Directions: Nothing should appear in the answer except the lines below from the line containing "Knee-length day silk" through the line containing "Bad Boy Superstars by Carolina Herrera", copied exactly, with pictures left out.

Material to process:
——
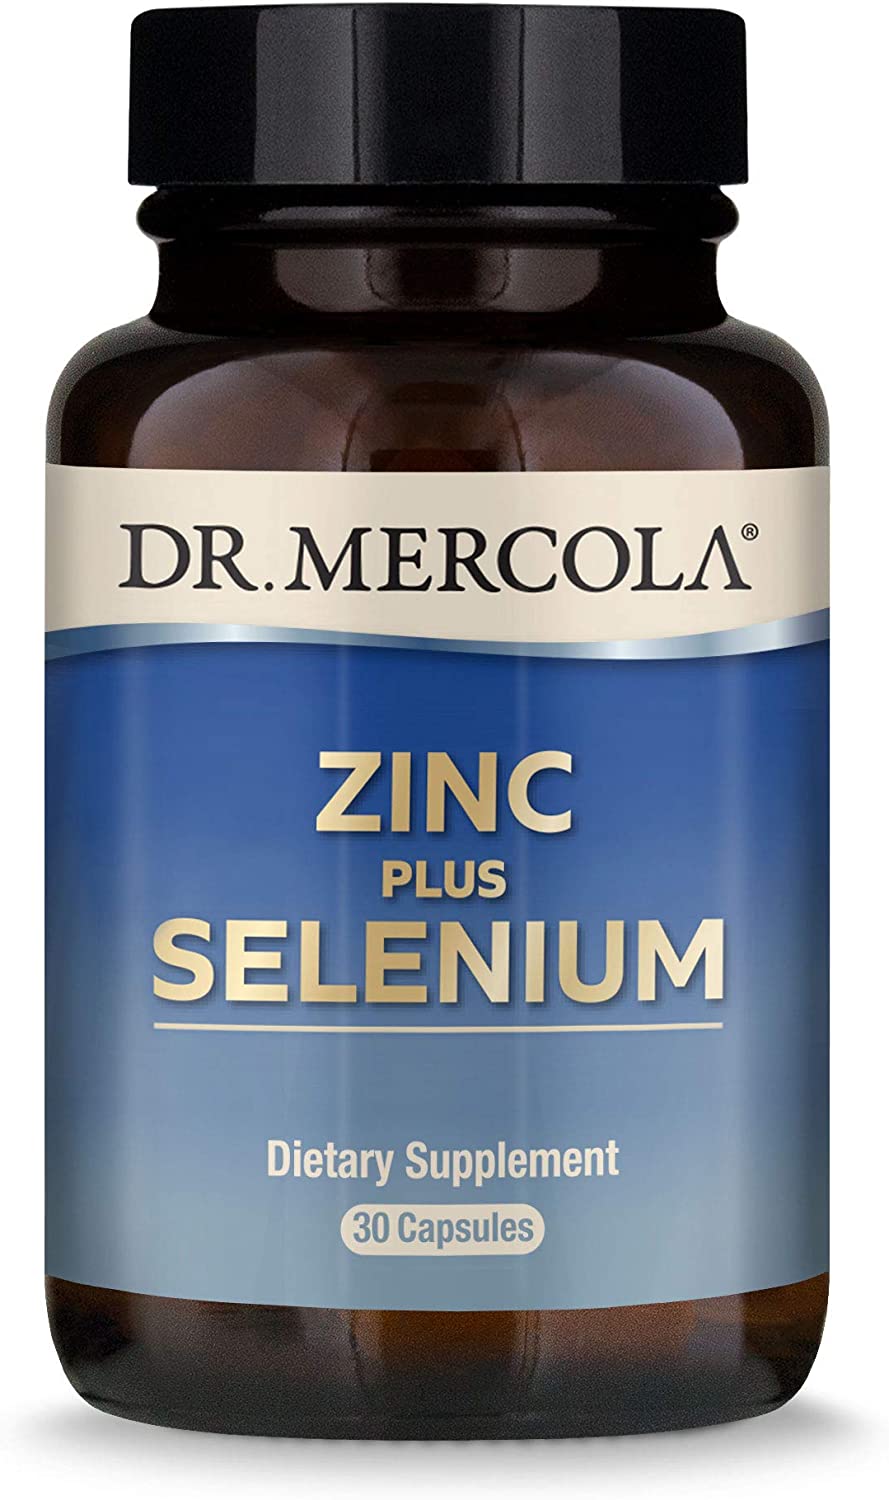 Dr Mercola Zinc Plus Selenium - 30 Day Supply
——
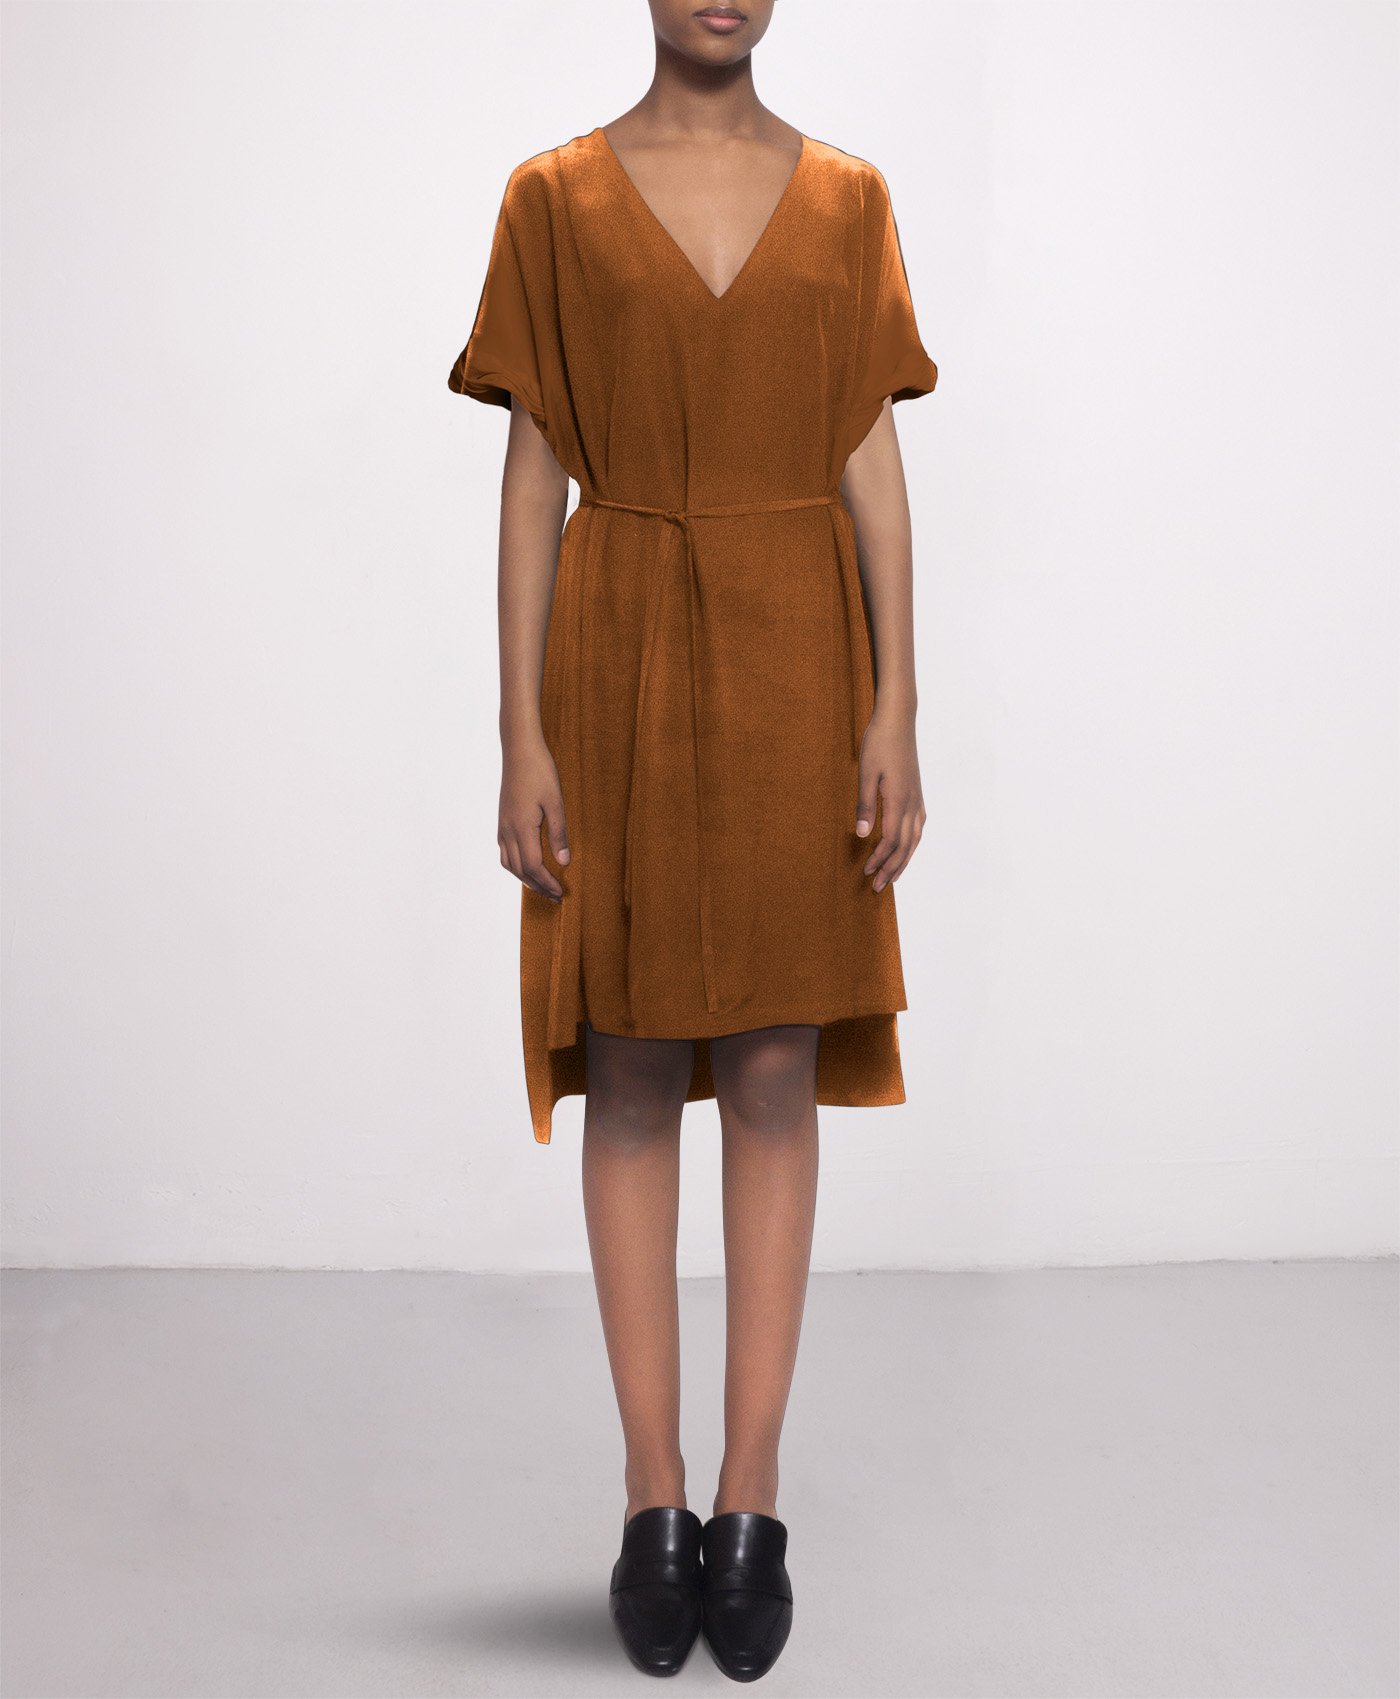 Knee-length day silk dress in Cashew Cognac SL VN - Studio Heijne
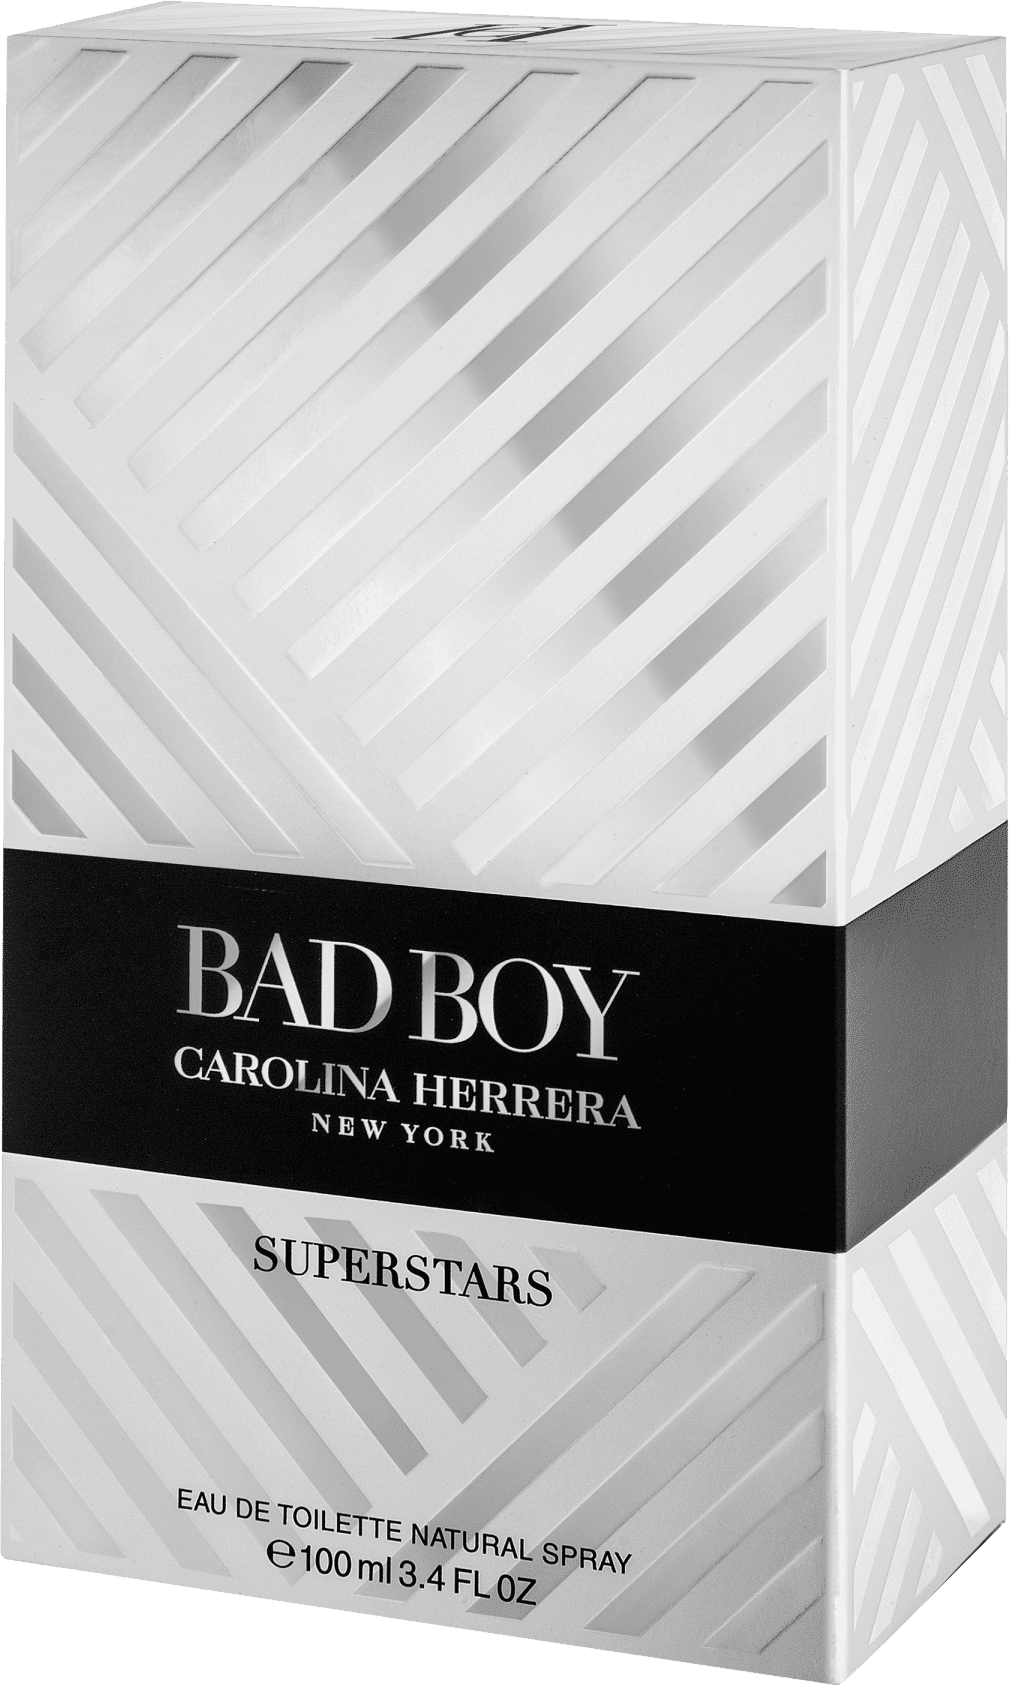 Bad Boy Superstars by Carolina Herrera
——
Result for this exercise:
 Knee-length day silk dress in Cashew Cognac SL VN - Studio Heijne
 Bad Boy Superstars by Carolina Herrera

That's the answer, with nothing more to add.